The message also assumes familiarity with the assistant's prior patches: the force-dequantization logic in weight_utils.py that yields float16 tensors for weights whose model parameters lack a quantization configuration; the index_topk deletion that disables the DSA sparse attention indexer; and the name not in params_dict skip added to deepseek_v2.py's load_weights method to prevent KeyError when indexer weights arrive but have no corresponding model parameter.

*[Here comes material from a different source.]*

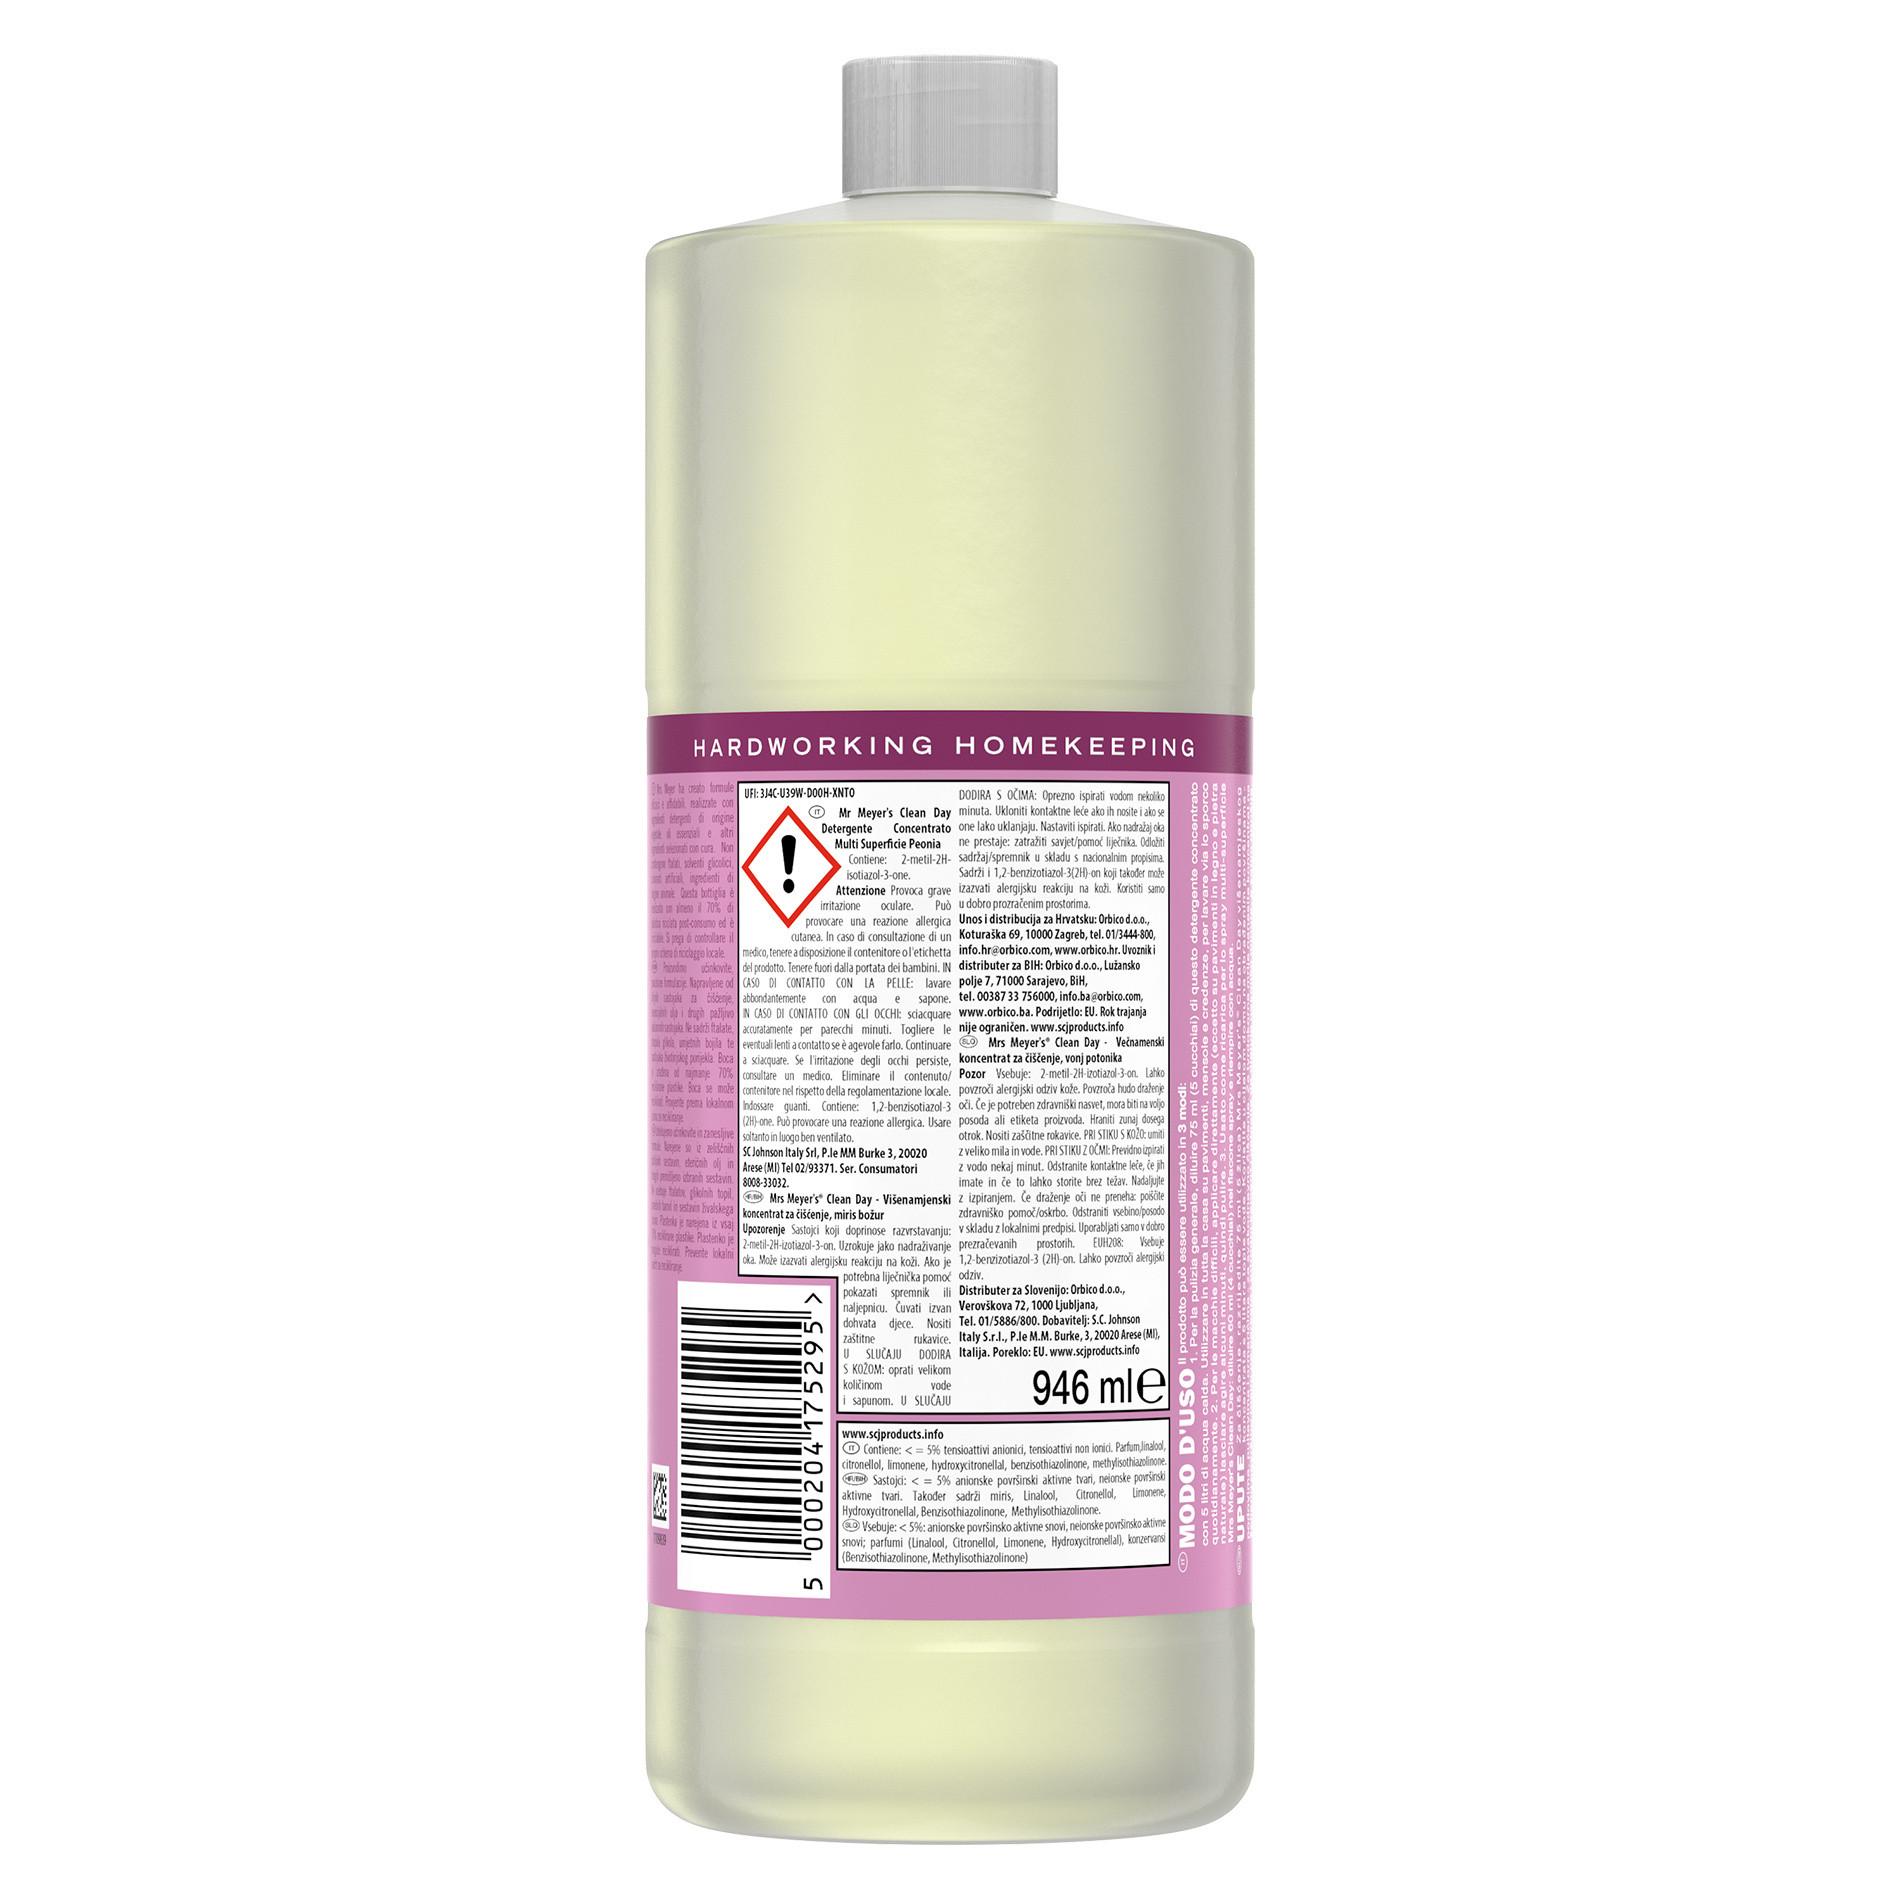 Detergente concentrato multi-supericie profumo di peonia 946ml, Rosa, large image number 1

The Thinking Process on Display

What makes this message compelling is the window it provides into the assistant's debugging methodology. The pattern is textbook: observe the symptom (garbage output), eliminate trivial explanations (temperature override), form a hypothesis based on the most fragile or novel component (kv_b_proj reassembly), and gather data to test that hypothesis (check the reassembly shape in the logs). The assistant does not jump to conclusions — it does not immediately blame the Triton MLA kernel or the GGUF dequantization path. It starts with the component it knows best and works outward.

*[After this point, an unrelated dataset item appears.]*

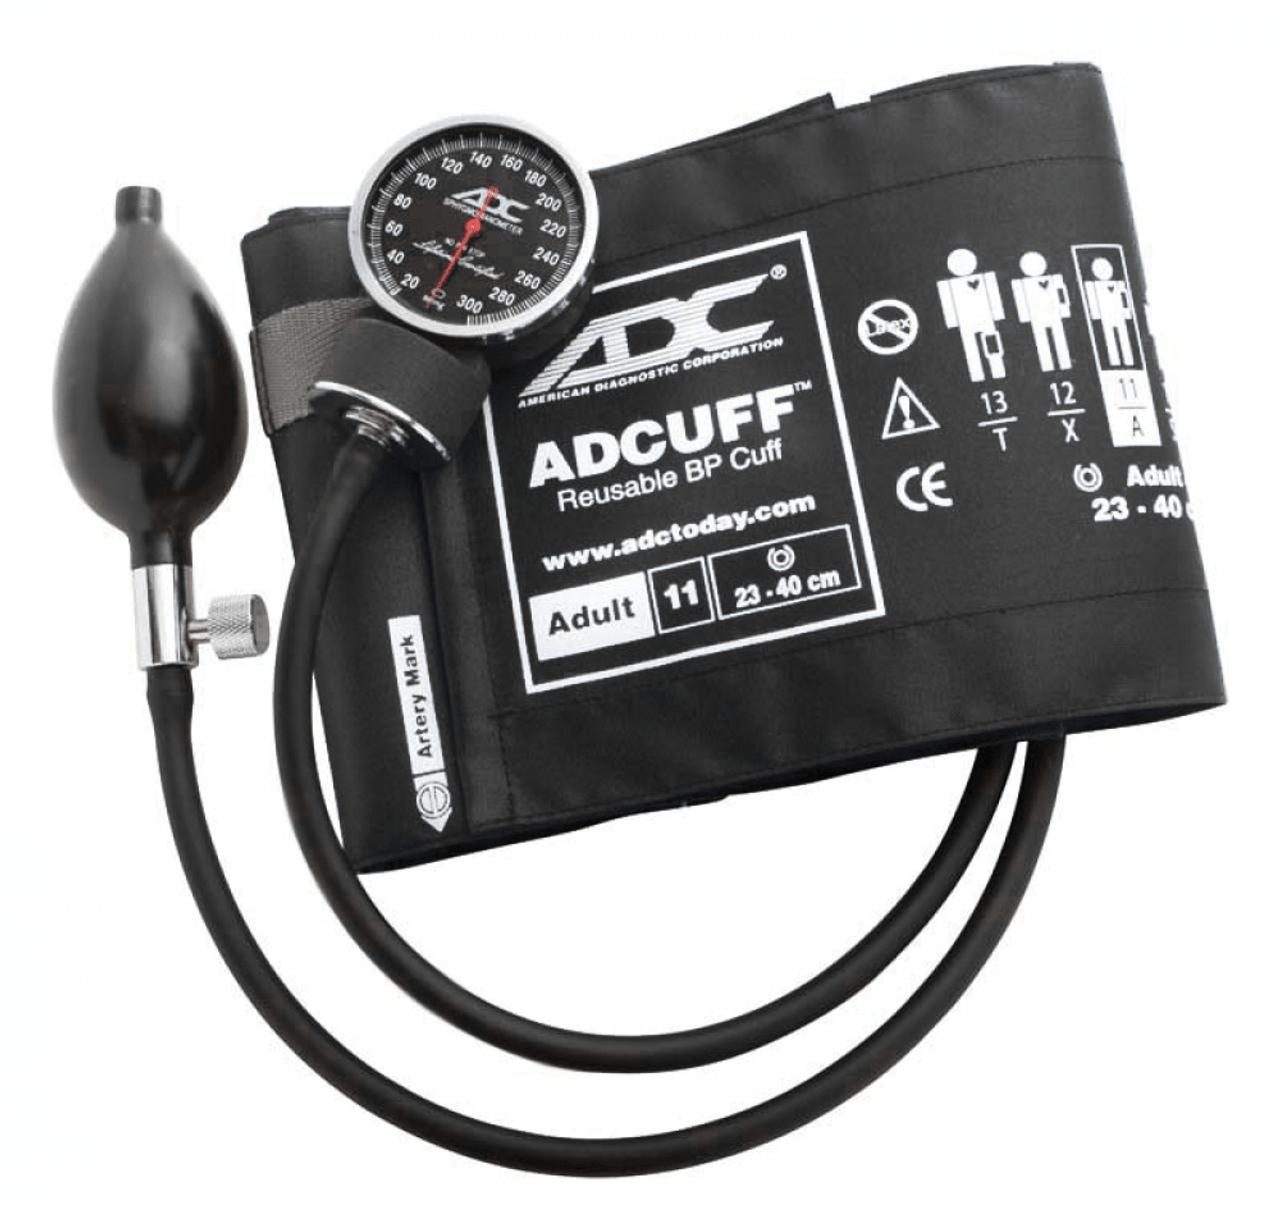 ADC 720 Diagnostix Pocket Aneroid Sphygmomanometer, Adult Cuff, 720-11ABK

The message also reveals the assistant's awareness of the broader investigation landscape. The phrase "The garbage output is more likely a fundamental issue" acknowledges that the problem is not superficial. The flat log-prob distributions that will be discovered in subsequent messages — where the model assigns log-probabilities of -20 to -24 to tokens that should be nearly deterministic — point to a failure in the earliest layers of the network, possibly the embedding layer or the first attention computation. The assistant is methodically working its way from the most obvious hypothesis to the most subtle.

The Knowledge Created

This message generates critical knowledge: the kv_b_proj reassembly produces the expected shape of [28672, 512]. This negative result — the shape is correct — is valuable because it eliminates one hypothesis and forces the investigation to look elsewhere. In the messages that follow, the assistant will verify the GGUF dequantization kernel's correctness on SM120, confirm the weight name mapping works in the HF-to-GGUF direction, and eventually discover that the real issue involves how tensor parallelism interacts with the force-dequantized weights.

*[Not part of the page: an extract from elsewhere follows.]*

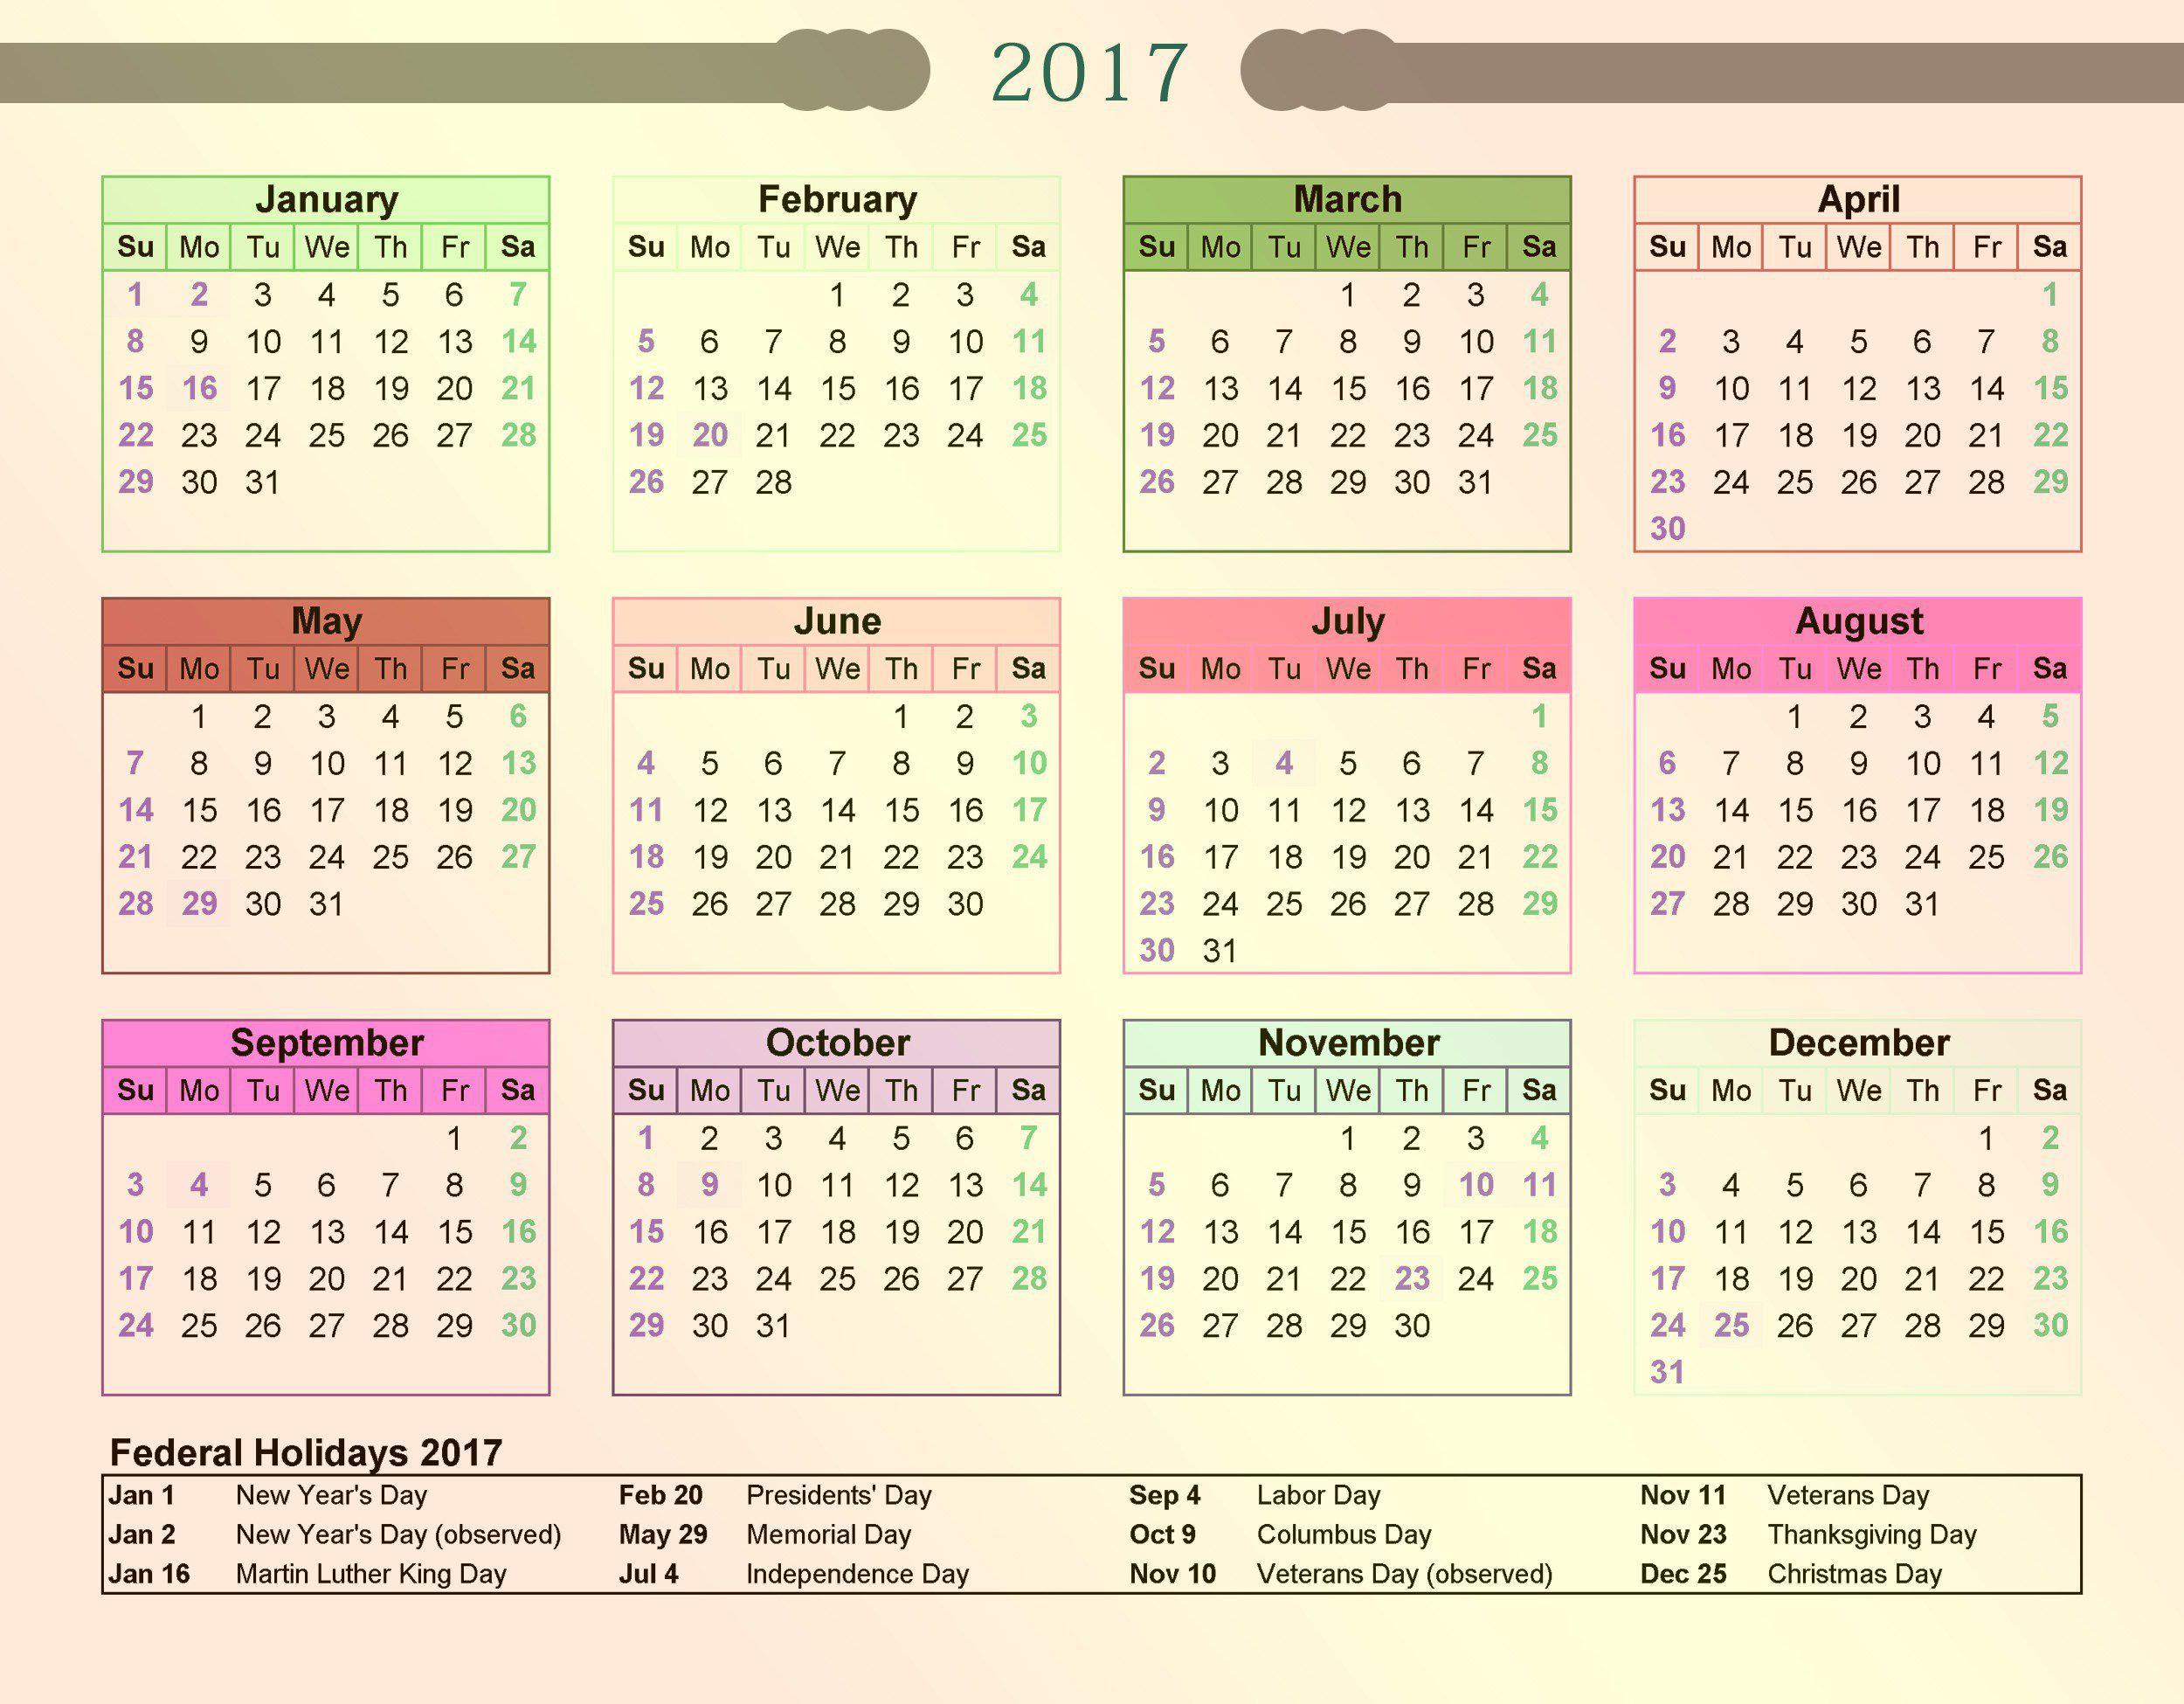 009 Sensational Google Calendar Template 2017 Picture Full

The message also establishes a baseline for the investigation. The assistant now knows that the model loads without errors, that the server serves requests, that the KV cache is allocated (32.1 GiB available per GPU), and that the output is consistently garbage across both chat and raw completion endpoints. These constraints will guide the search: the problem is not in the serving infrastructure, not in the tokenizer, and not in the chat template. It is in the weights themselves or in the computation that uses them.

Conclusion

Message <msg id=1893> is a pivotal moment in a long and difficult debugging session. It marks the transition from deployment to diagnosis, from "does it load?" to "does it work?" The assistant's disciplined approach — eliminate the obvious, form a hypothesis, gather data, iterate — is on full display. The assumption that kv_b_proj reassembly is the culprit will prove incorrect, but the process of testing that assumption moves the investigation forward. In debugging, as in science, a well-formed hypothesis that survives testing narrows the search space. A well-formed hypothesis that fails testing is equally valuable — it eliminates a dimension of the problem and forces the investigator to look in new directions. This message captures that moment of elimination, and with it, the beginning of the long road to the true root cause.